C’est une constante avec Mabil : être toujours positif, peu importe les aléas de la vie. Et pourtant ! Maintenir une telle attitude au quotidien est une conduite d’autant plus remarquable, si l’on tient compte de l’histoire tourmentée d’Awer Mabil. Orphelin de son père décédé lors de la seconde guerre civile soudanaise, le numéro 11 des Ulvene (les loups en danois) a dû se confronter, dès son jeune âge, à la dure loi de la réalité. Alors qu’il se bat quotidiennement pour sa survie et celle de sa famille, Mabil arrive à faire abstraction de ce contexte compliqué en se tournant vers le football.

Comme il l’expliquait lors d’une interview accordée à la BBC en novembre 2018, le ballon rond lui a servi d’échappatoire : «Dès mes 5 ans, j’adorais jouer au foot avec mes amis de Kakuma. Dans le camp, il n’y avait pas grand-chose d’autre à faire donc bon… Cela m’a permis d’éviter les ennuis !»
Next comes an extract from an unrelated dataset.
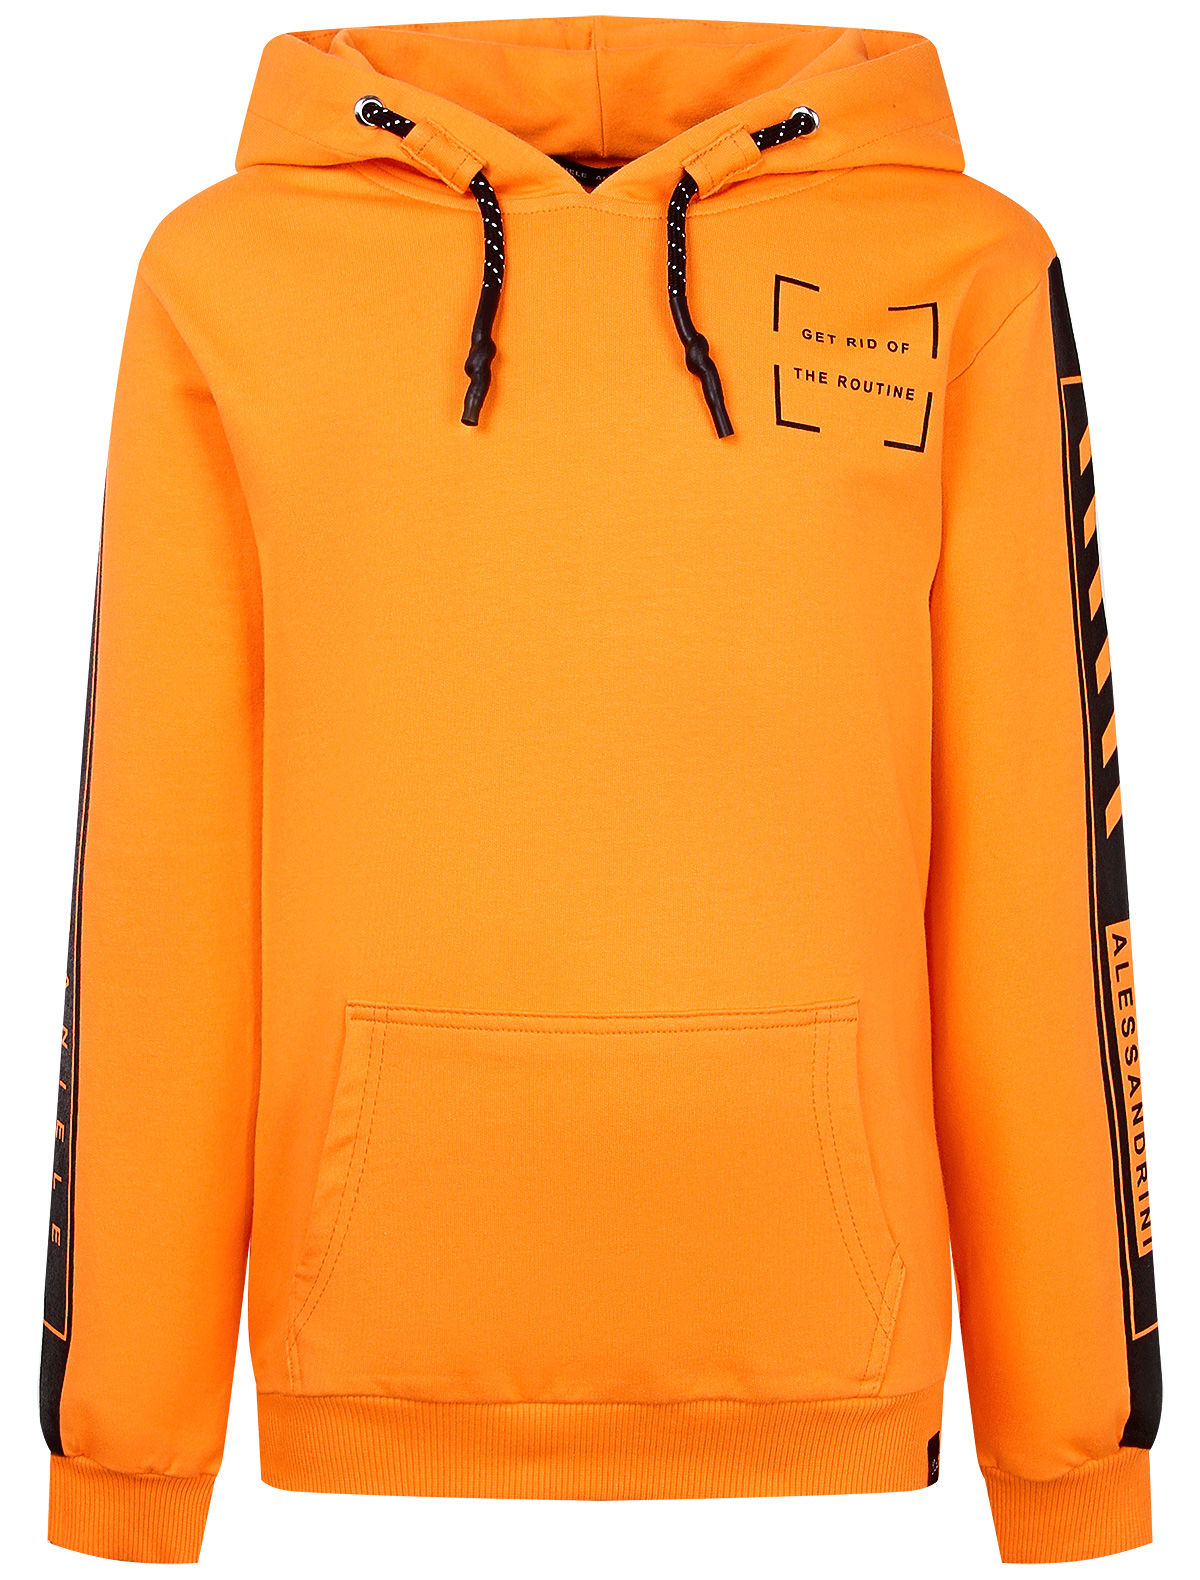 Купить 2262963, Худи Daniele Alessandrini, оранжевый, Мужской, 0094519083272

Au début des années 2000, le petit Awer tombe sous le charme des Red Devils d’Alex Ferguson. Il est prêt à tout pour suivre en direct les exploits des coéquipiers de Paul Scholes : «J’ai toujours été un supporter de Manchester United ! Mais il n’y avait qu’une seule télé qui se trouvait à plus d’une heure de marche. C’était une grande salle où il fallait payer pour entrer et regarder le match. Les fans venaient en nombre !»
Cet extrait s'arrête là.